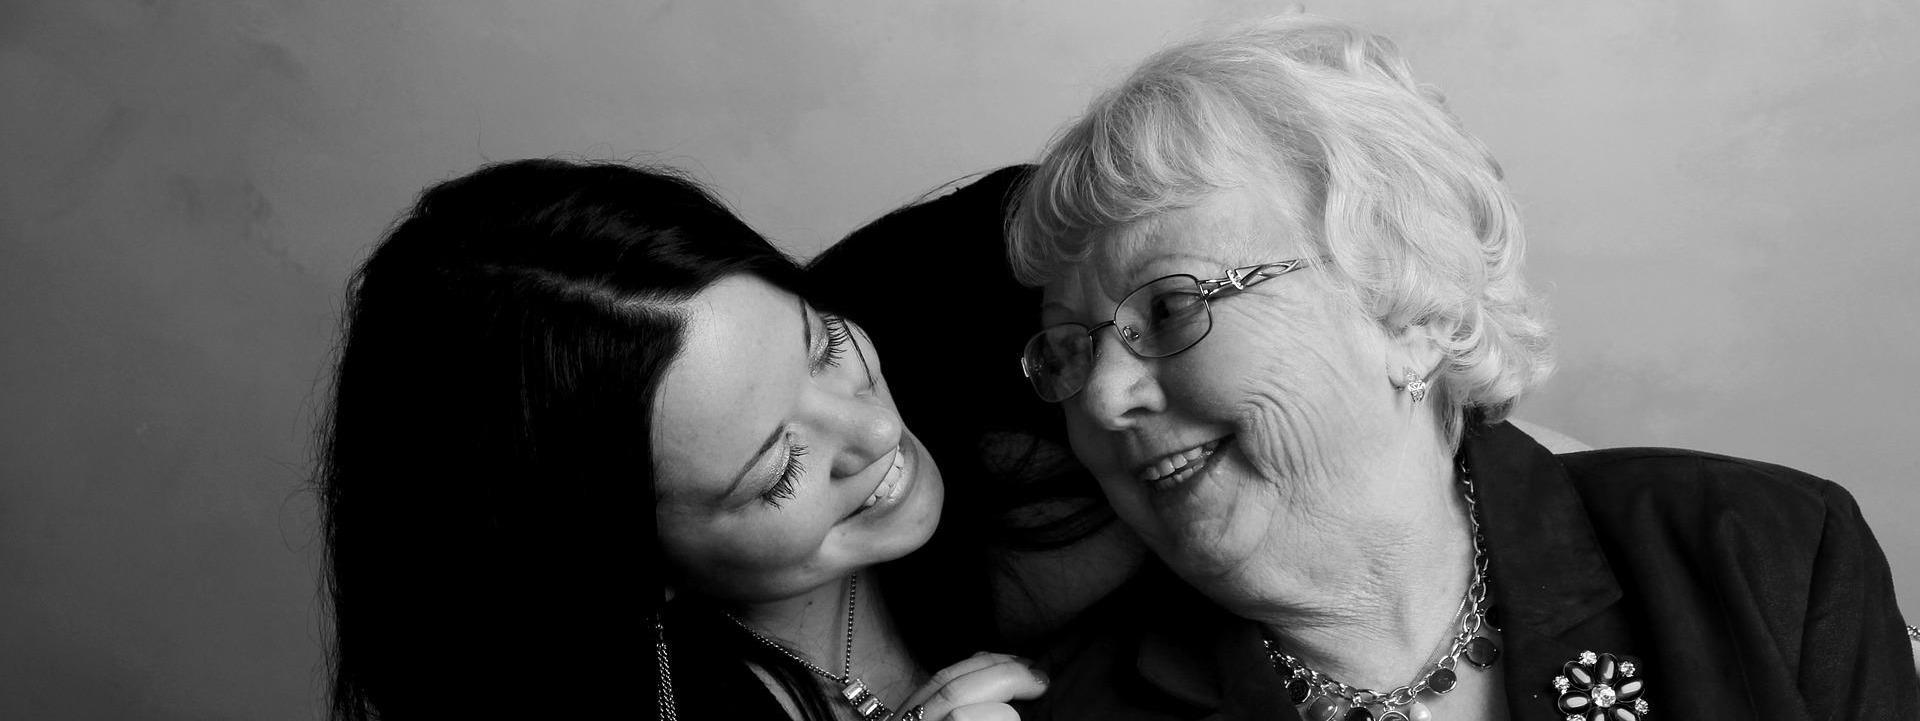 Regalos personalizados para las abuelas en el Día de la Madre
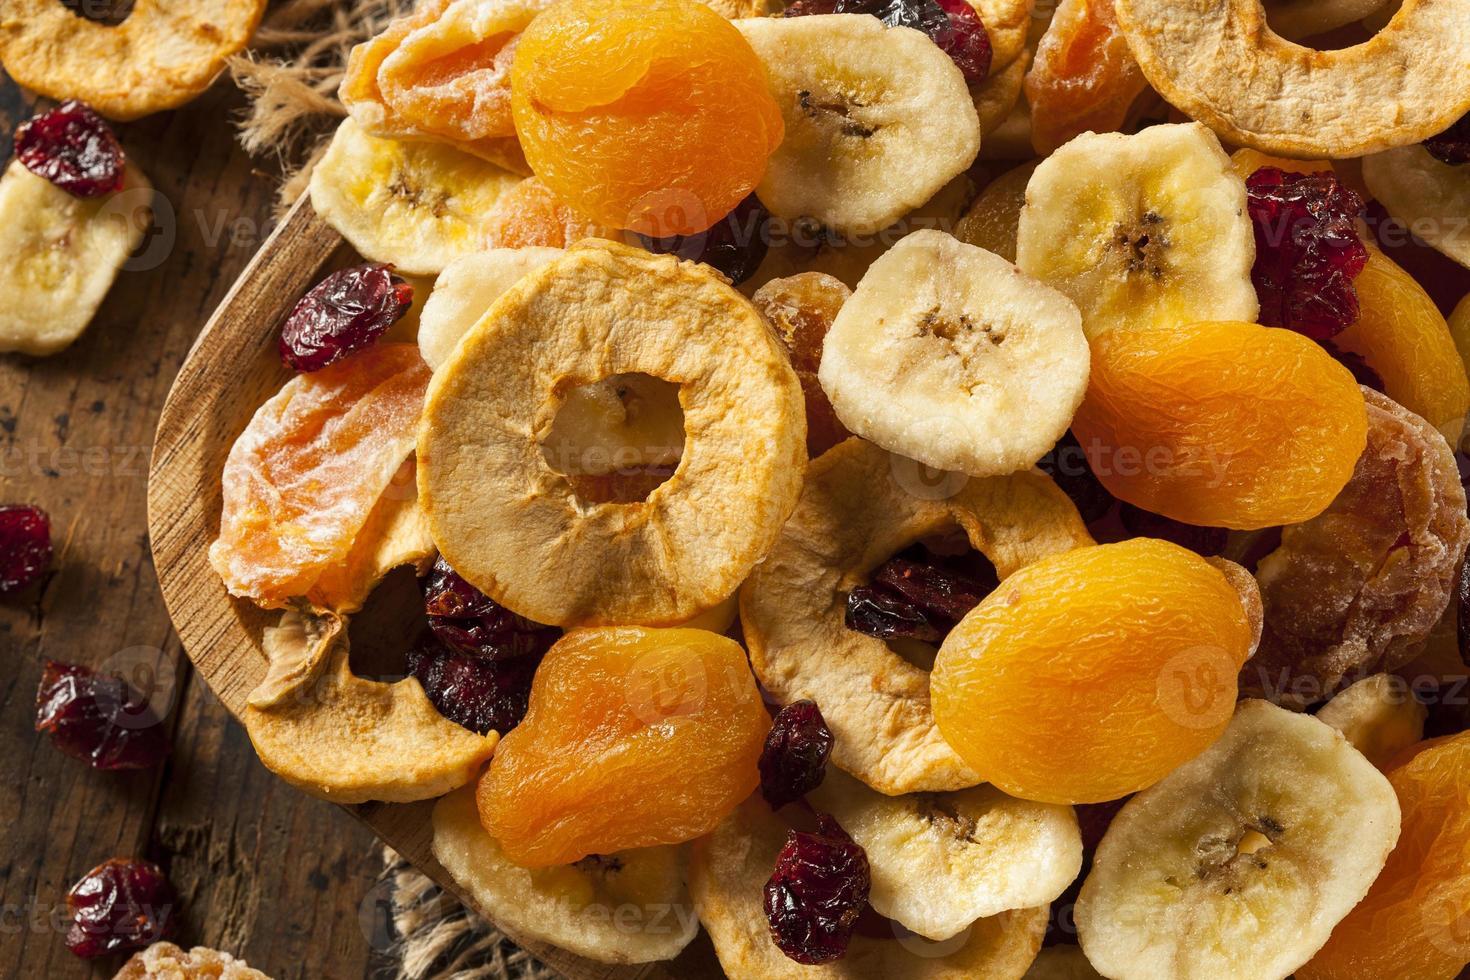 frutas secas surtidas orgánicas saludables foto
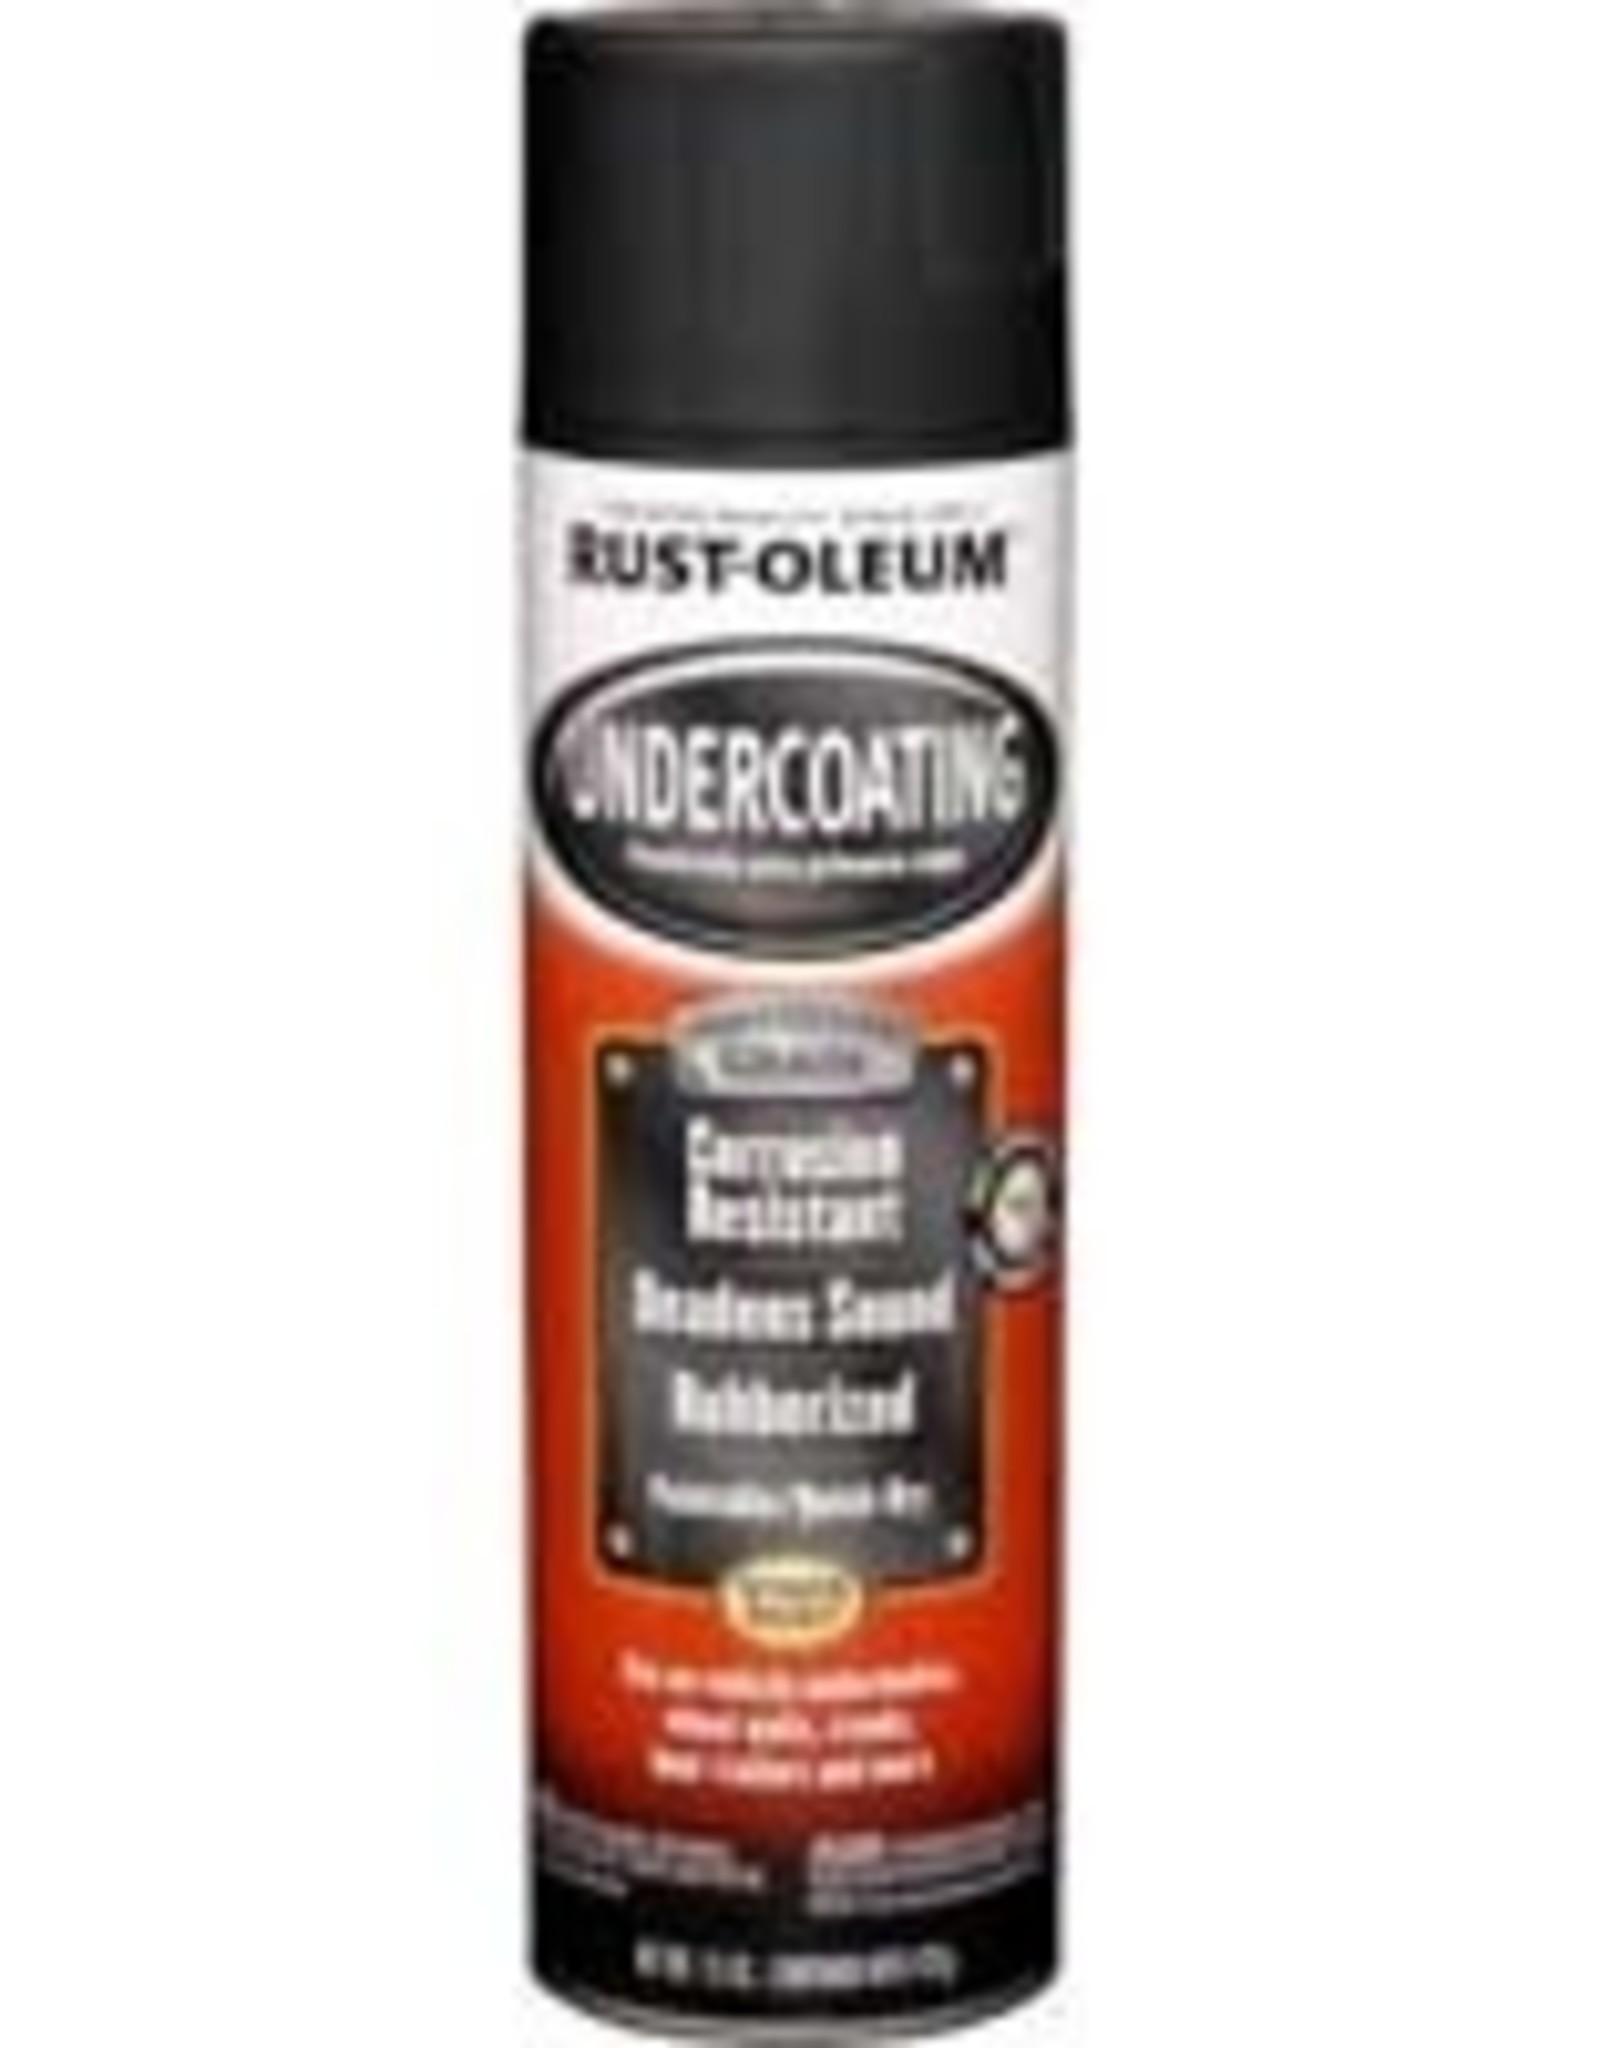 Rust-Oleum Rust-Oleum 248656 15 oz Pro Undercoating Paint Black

■ **What you should do**
Reproduce the full listing above verbatim, with no pictures included.

■ **Output of the exercise**
 Regalos personalizados para las abuelas en el Día de la Madre
 frutas secas surtidas orgánicas saludables foto
 Rust-Oleum Rust-Oleum 248656 15 oz Pro Undercoating Paint Black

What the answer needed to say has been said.